Resign or take offer?

Hi All,

I am in a bit of a predicament, I am a stock broker and I am not sure what to do in this situation.

My line manager has been treating me unfairly (excessive and unjustified criticism) and she is keen to make me leave the firm. She has advised that I will be put on a performance improvement plan. I met with HR and described my treatment by her and they have offered me a Settlement Agreement.

Under the Settlement Agreement they will:
- pay me my salary for the notice period in one lump sum
- let me choose the termination date so I can go on gardening leave
- let me keep my work blackberry (no sim)
- give me a standard reference (not sure if they will give me a non-standard one anyway but I called the HR people and they say they give the same reference regardless of what has happened internally (risk management?)
The culture in the team, as you can imagine is male driven and they are quite laddish/cowboys so it would be in the firm’s interest have me sign a gagging clause. They have made remarks about me as a girl but I fight back (have to be tough on the floor!) but it’s the thought of being pushed out that is more hurting!

I have done ample research on this matter but I wanted to know what your thoughts were. I am worried that my next employer will know that I settled with the firm (rather than a normal resignation) and incorrectly assume that I did something wrong!

Can anyone provide any advice on if there will be an audit trail that I settled with my employer? E.g. on my P45/P60 because if they see an ex gratia payment it suggests settlement which suggest I was mistreated by the firm or that I was underperforming (neither of which are good for the new employer to know).

Many thanks,

B

 
Best Response

Sounds like you realize you're done and are just deciding between resigning and taking a settlement, worried that a settlement will follow you around whereas a resignation would not, so the settlement may not be worth the extra compensation.
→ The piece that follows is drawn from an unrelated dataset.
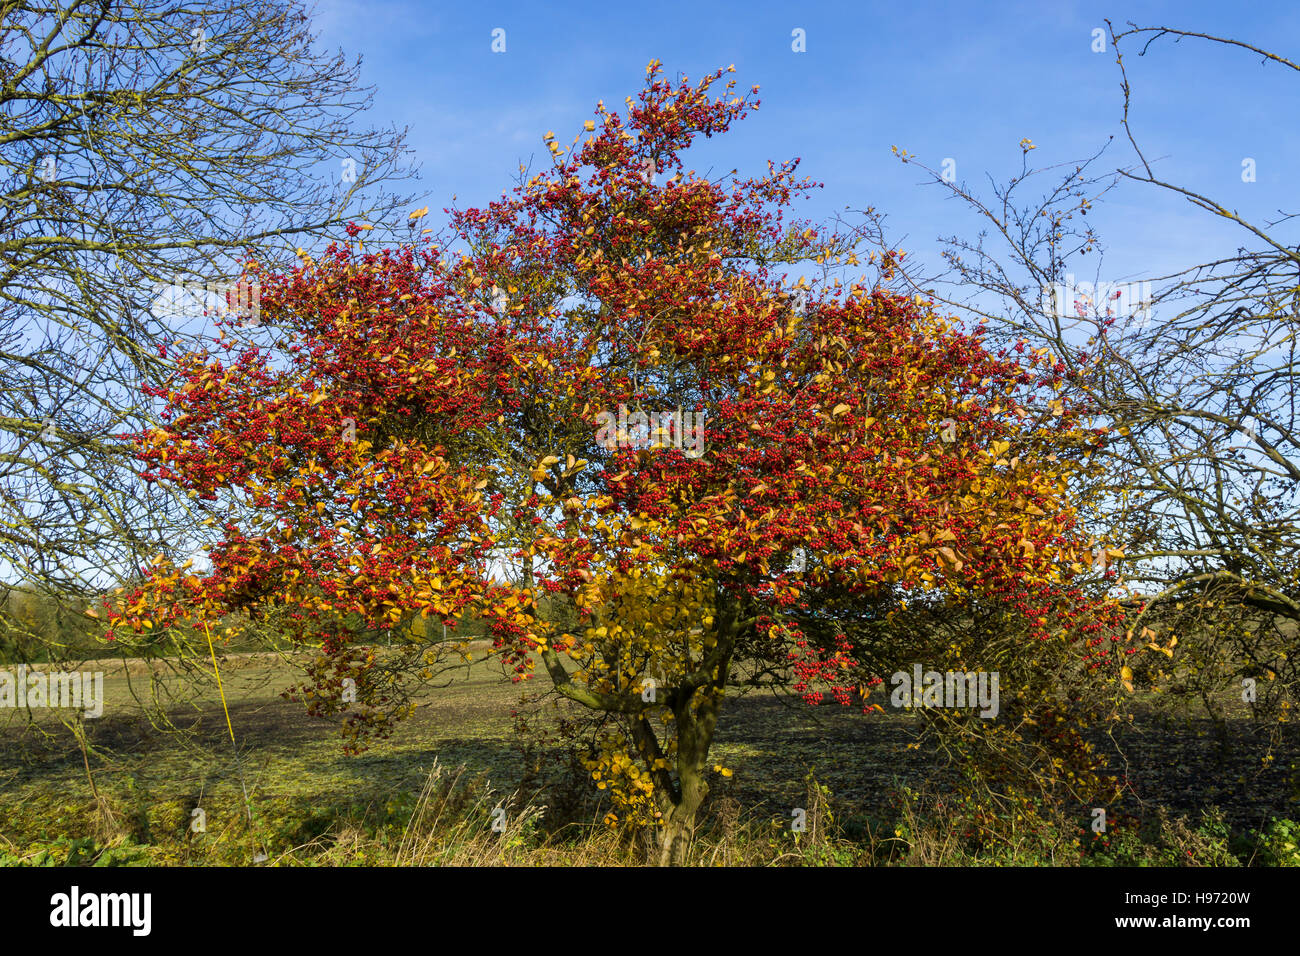 Cockspur thorn 'Crataegus crus-galli' in autumn foliage with berries Milton Cambridge Cambridgeshire England UK 2016 Stock Photo

First of all, I'd read the terms of the settlement very carefully, it may have a dual-gag order---you can't talk about what happened and neither can then, which should give you comfort. However, for the vast majority of employers, I'd like to think that even if they knew you had settled with a past employer, would view it more that there was something wrong on the employer end, not that you are some sort of troublemaker.
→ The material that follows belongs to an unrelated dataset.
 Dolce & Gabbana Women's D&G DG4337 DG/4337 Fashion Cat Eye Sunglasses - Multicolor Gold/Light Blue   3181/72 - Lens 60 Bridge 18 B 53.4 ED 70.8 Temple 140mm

It sounds like the firm wants to put this behind them as much as you do--they are trying to make your transition into your next job as easy as possible--and in exchange are asking you to agree to settle. Seems like the rational thing to do for both sides in what is a toxic situation.

 

Thank you for your replies.

You hit the nail on the head and, its a settlement vs. normal resignation. I have accepted that I am indeed on my way out and my manager is just doing some CYA work to cover his back.
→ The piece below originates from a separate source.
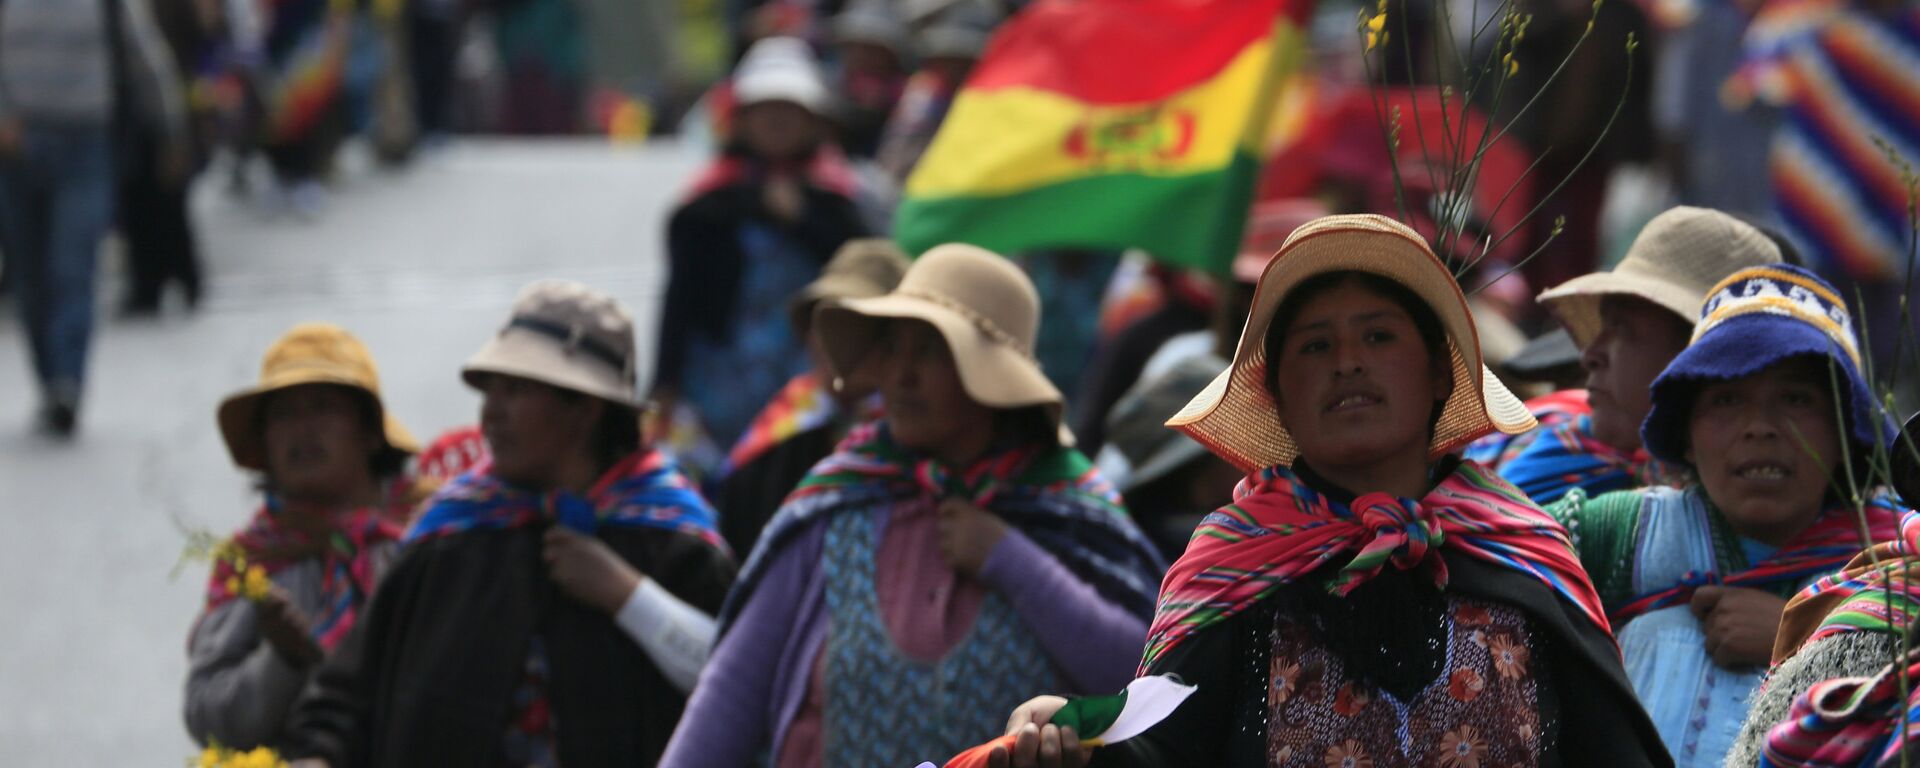 Mujeres indígenas en Bolivia - Sputnik Mundo, 1920, 30.09.2021

I will ask my lawyer to draft some wording so see what my best offer would be so I can compare this to a normal resignation. In the meeting they can not suggest/pressure me to sign but she voluntarily offered to bump up the money (with out me even mentioning it).

I will call the UK tax offices to see if the Ex Gratia payments come up on the P45, from a quick google it doesnt seem to mention anything about tax free payments.

 
ostrich:

Head for the hills if you're beefing with HR imo

Not beefing with HR at all, just trying to get a fair settlement as they have offerent me literally no incentive to sign, as opposed to settle.